When you reach the line holding "EAST Hotel Peking: Die" in the material below, return that line and each one after it, word for word, with the pictures dropped.

> Data shown
※

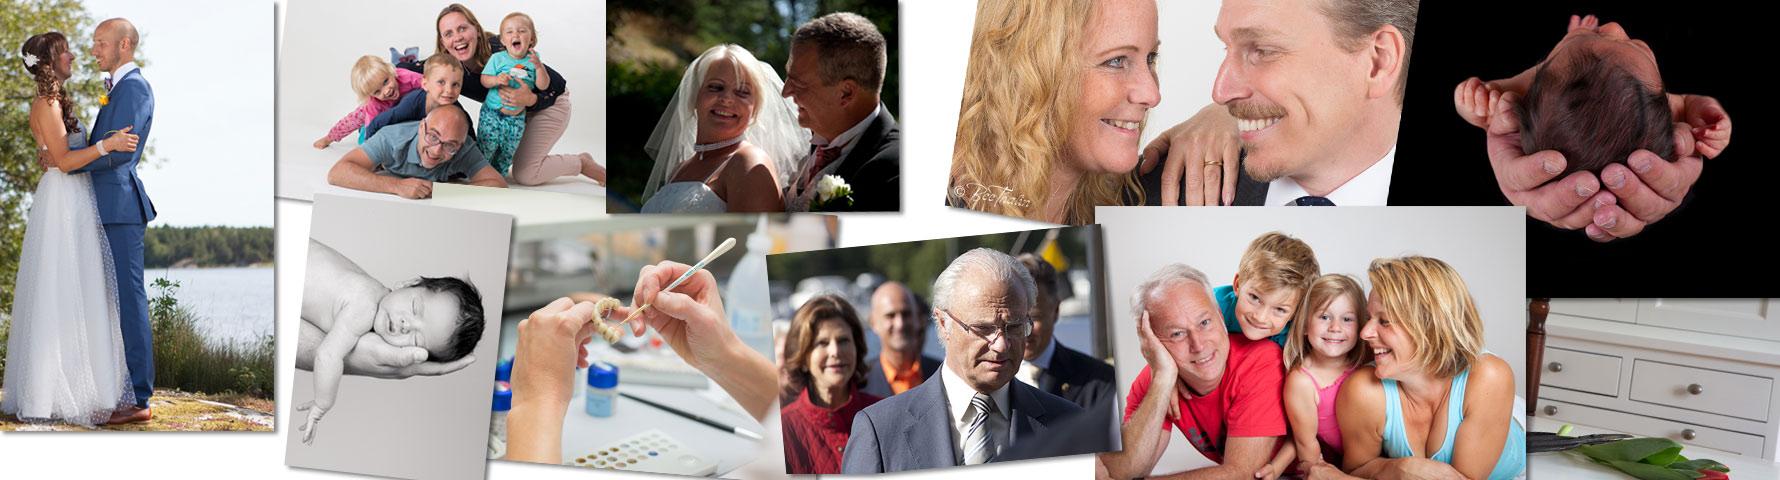 Fotograf - bröllopfotograf, familjefotograf, barnfotograf, bebisfotograf, studiofotograf, värmdöfotograf
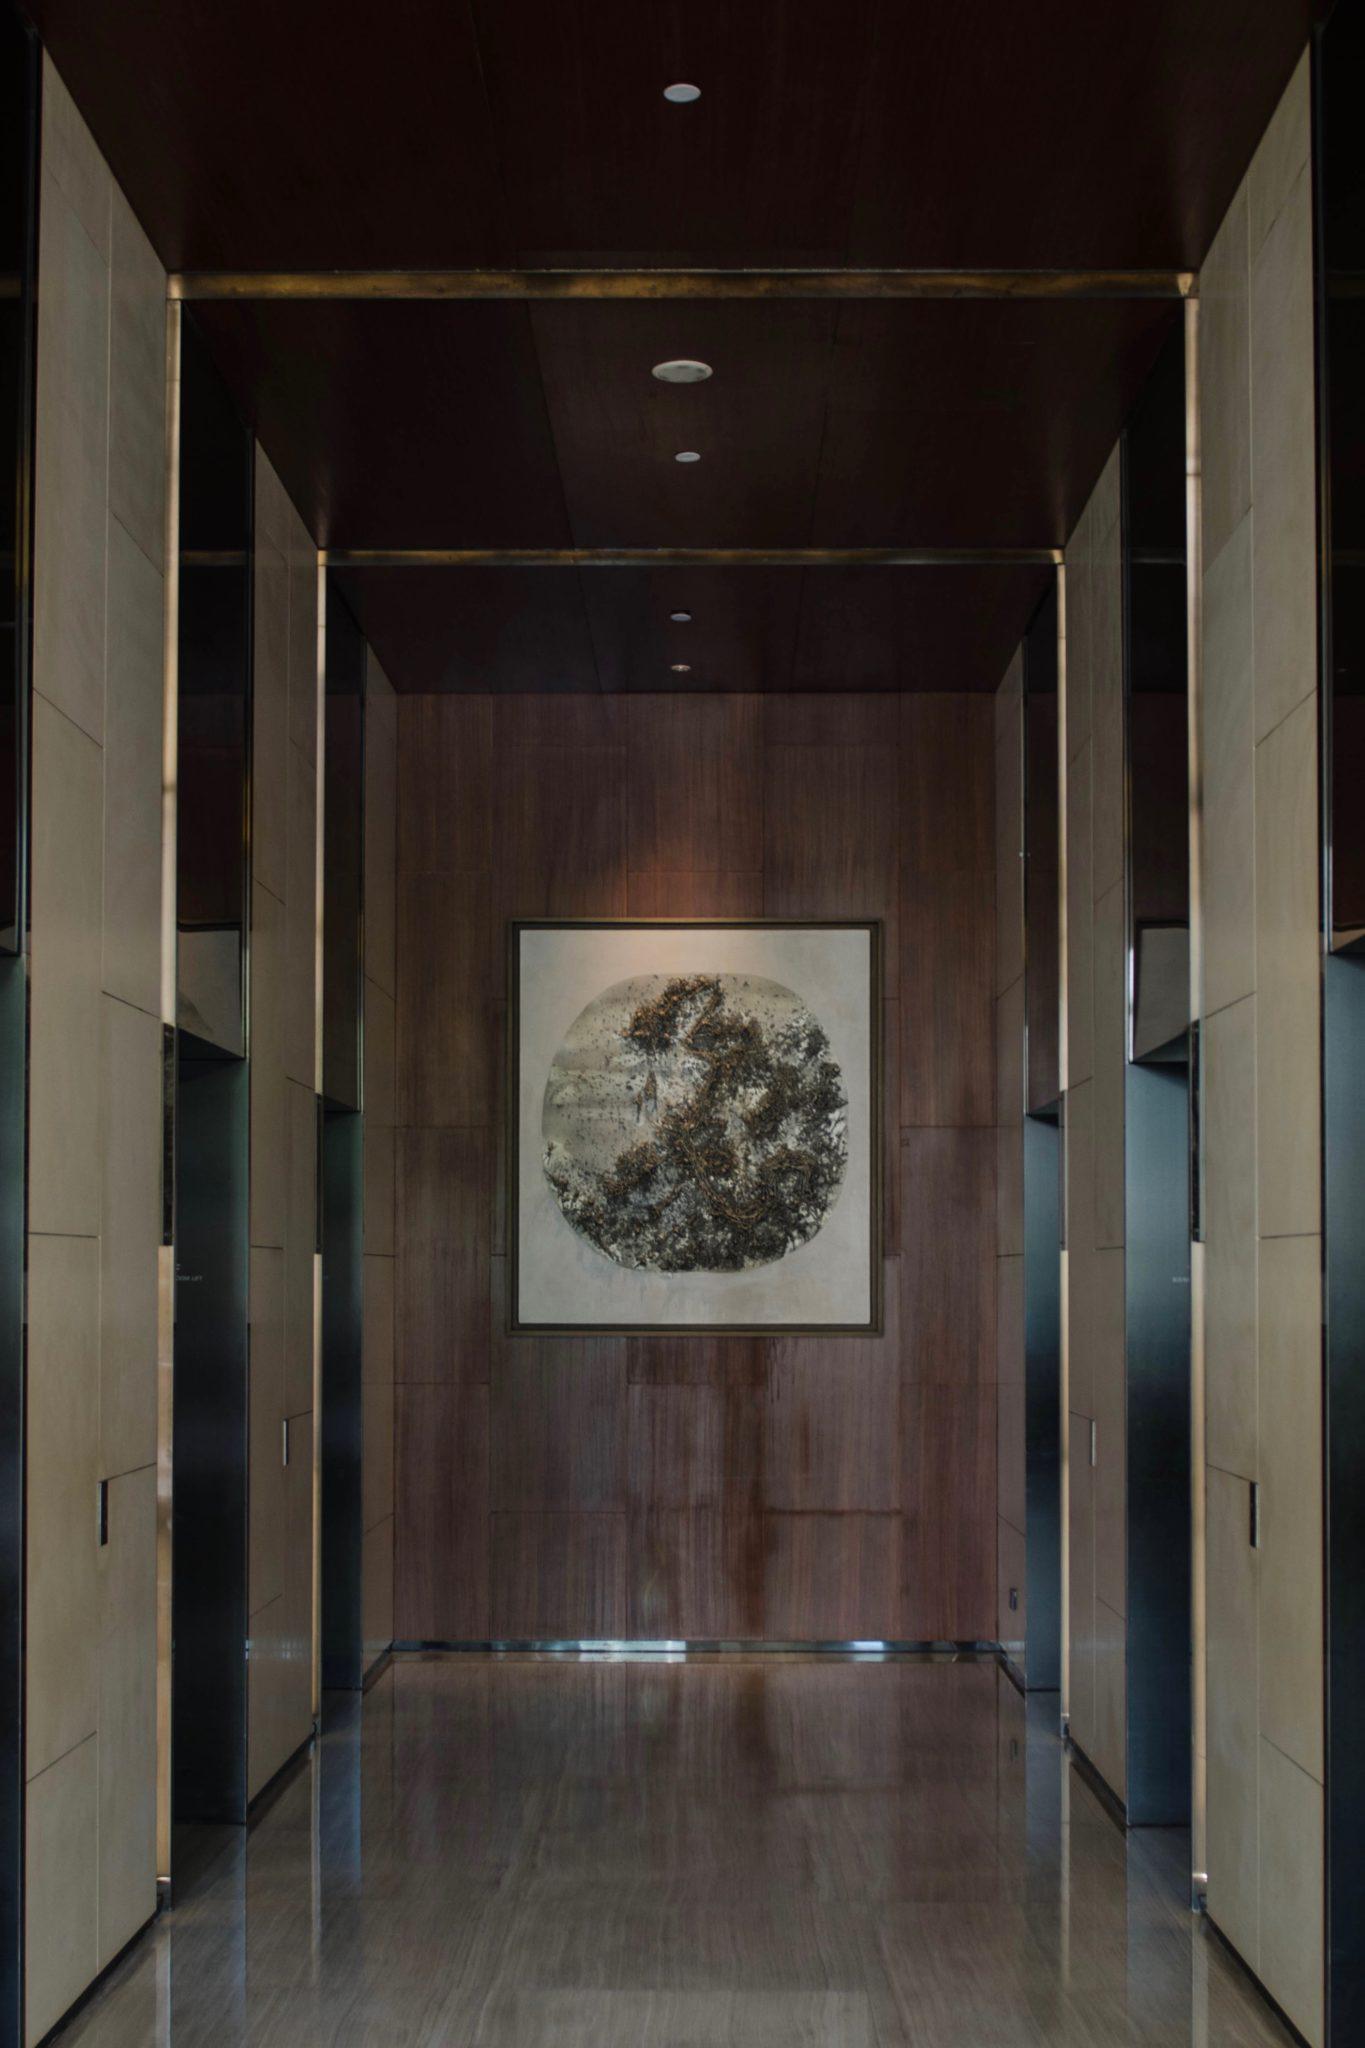 EAST Hotel Peking: Die Kunstwerke sind immer gut positioniert
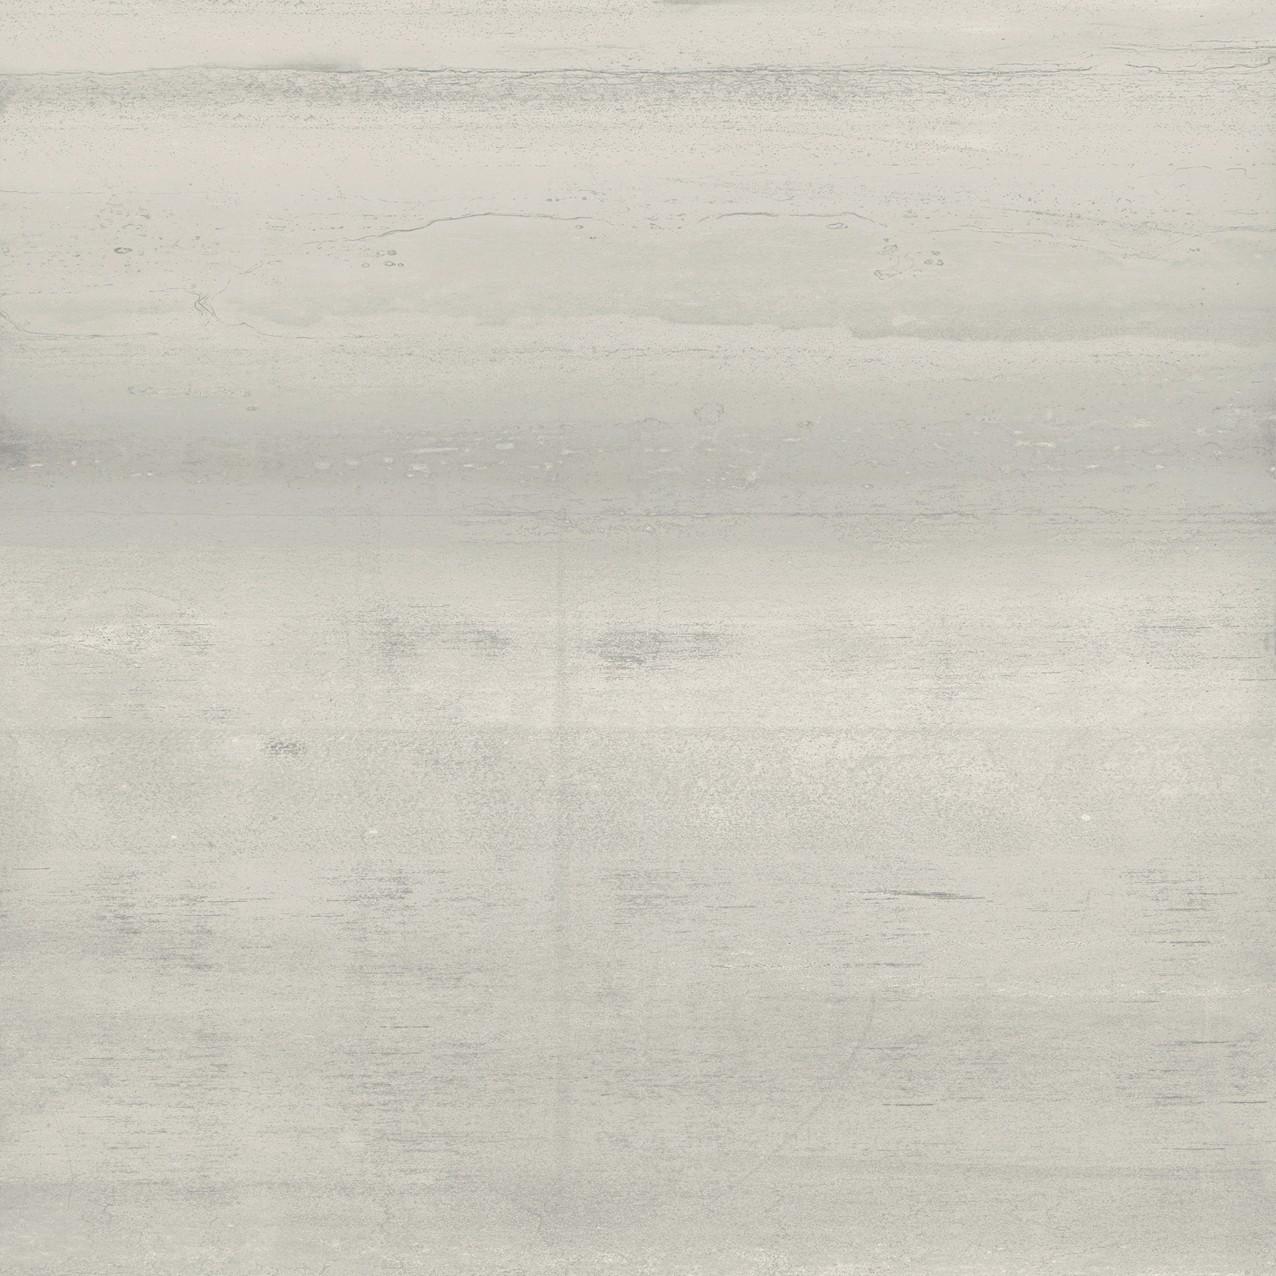 Керамогранит Apavisa Metal 2.0 White Lappato 89.46x89.46 см

※

> Reply to the exercise
 EAST Hotel Peking: Die Kunstwerke sind immer gut positioniert
 Керамогранит Apavisa Metal 2.0 White Lappato 89.46x89.46 см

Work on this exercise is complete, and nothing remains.